What Are My Estate Planning Documents?


Estate Planning at the Rutherford Law Center is so much more than a will.  It is personalized attention to each client, and detailed answers to every question.  Our assistance doesn’t just end when you sign your documents.  We continue to be available to answer questions and provide telephone guidance for common situations. 

Your estate planning documents are meant to be used.  That is why we put them in a binder with extensive information, FAQs, guidance, brochures, and easy to find tabs to help your family get to the document they need quickly and without stress when its necessary.  Our estate planning is focused on you and your family in times of stress.

Every estate plan at the Rutherford Law Center includes the following for each person:

  • Personalized attention and meetings to ensure your wishes are followed
  • Will (including a contingent trust if you have children)
  • Memorandum of Disposition of Property
  • Living Will
  • Medical Power of Attorney
  • Financial Power of Attorney
  • Medical Directives
  • Disposition of My Remains Directives
  • Information for My Family (easy resource about who to contact, what bills to pay, etc)
  • Guardianship Designation (if you have minor children)
  • Temporary Guardianship Designation (if you have minor children)
  • Extensive FAQs and instructions for how to handle the most common situations.
  • Brochures about the rules of powers of attorney and personal representatives.
  • Ongoing telephone support from the attorneys at the Rutherford Law Center for questions about the documents.
  • Online storage of a copy of all of your documents in case you misplace yours.

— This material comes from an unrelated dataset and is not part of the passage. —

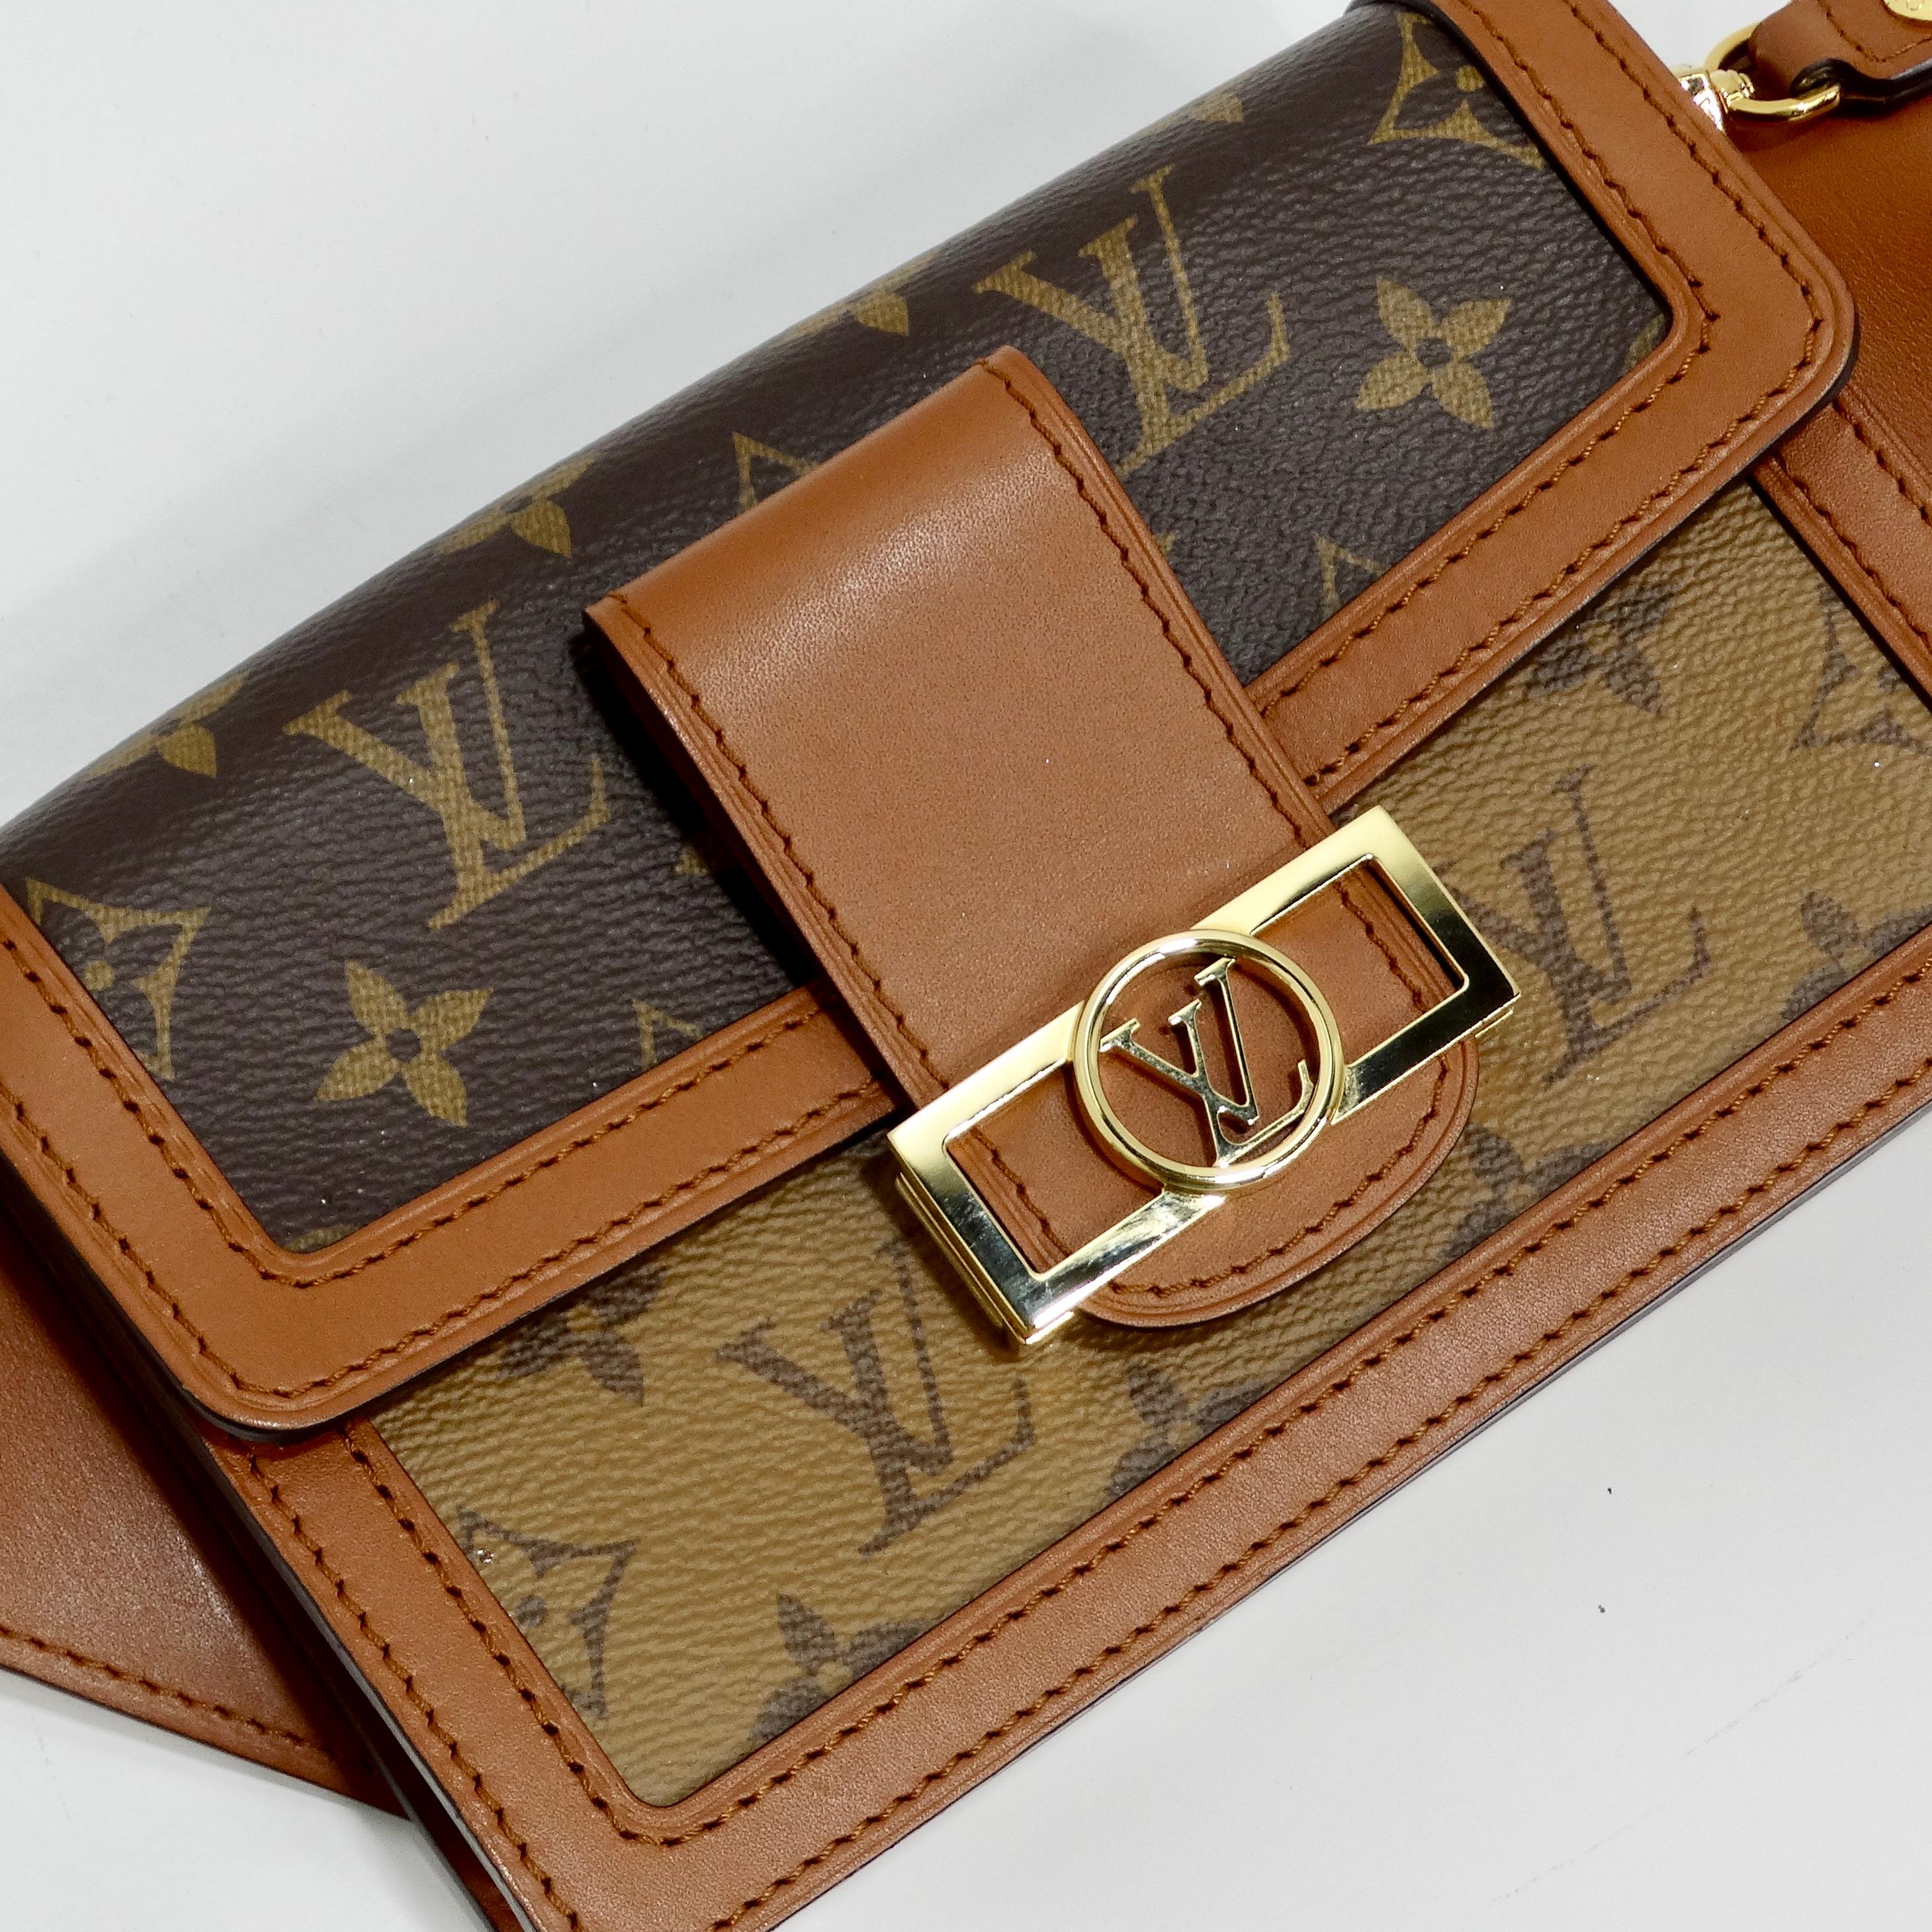 Louis Vuitton Reverse Monogram Dauphine Bumbag In Excellent Condition For Sale In Scottsdale, AZ

Call us at 303-431-0415 to get your no-cost, no-obligation phone conference with an attorney and intake forms to complete.

That’s a nice list and all, but what does it MEAN?  Below is a description of each document and why you need it.

Will. This document directs what will happen with your property upon your death. It determines who will receive which property, and which person will administer your estate. A will also includes guardianship designations for minor children if both parents die. Keep the original will somewhere safe but accessible and known, as we must file the original with the Court upon your death.

Contingent Trust: If you have children under 30, we need to protect them from themselves if they were to inherit a lot of money.  But there is no reason to go through the cost and time and accounting to have a full trust if you don’t know if its needed.  A contingent trust sets down the rules of what will happen if you both pass away and your money needs to be held in trust for your children.

Living Will. This document says what will happen to you at the end of your life ONLY IF (1) two doctors have certified in writing that you are in a terminal condition or (2) you are in a persistent vegetative state. This document states what and when medical interventions will continue or will be discontinued.

Medical Power of Attorney. This designates the person who will make medical decisions for you while you are alive, but incapable of making decisions for yourself. For example: if you are unconscious or if you have a condition that affects your ability to make decisions, your power of attorney will make decisions for you. However, if your mind is working and you are able to make your own decisions, they can’t override your decisions for yourself.

Financial Power of Attorney. This person can take actions on your financial accounts NOW (unless we have put something else in your document—rare). However, they are bound by the laws of acting in your best interests. They cannot use their estate for their own benefit (unless they are a spouse or you so directed). They can use this document to help you with checking, investments, taxes, or other financial issues.

Medical Directives. This document is intended to give your loved ones information about what you would choose if you could choose for yourself in various scenarios. This document is not enforceable in court, but is a guide for your family to make decisions for you.

Dementia Directives: It is estimated that over 50% of people will develop dementia in their lives. This document helps you family know what choices you want made at each stage of the dementia process if this happens to you.

Information for My Family: These documents are intended to help your family or friends know right where to go and what to do to help take care of you and your finances if you are incapacitated or die. It includes contact information for professionals, accounts, bills, family, and other information they need to know.

Digital Estate Planning: If you choose to fill this section out it will provide your family with knowledge of your passwords for accounts and technology.

Pay on Death/Beneficiary Review and Financial Snapshot: We will help you review the beneficiaries or POD (pay on death) information for your accounts to ensure that it is serving your long term plan and goals. We recommend that you also include the most recent statement of all of your financial accounts in your binder.

Memorandum of Disposition of Remains: Your family wants to honor your last requests, and this document tells them what they should do with your remains.

Parent or Guardian Delegation of Powers (if applicable). If you have a minor child, these documents direct who will make decisions and care for the children if you and the other parent are incapacitated or have died.

Contingent Trust (if applicable). This is a trust contained in your will that states that money will be put into a trust for the benefit of your children or grandchildren if your spouse dies before you do. It is not a real trust unless something happens to both you and your spouse.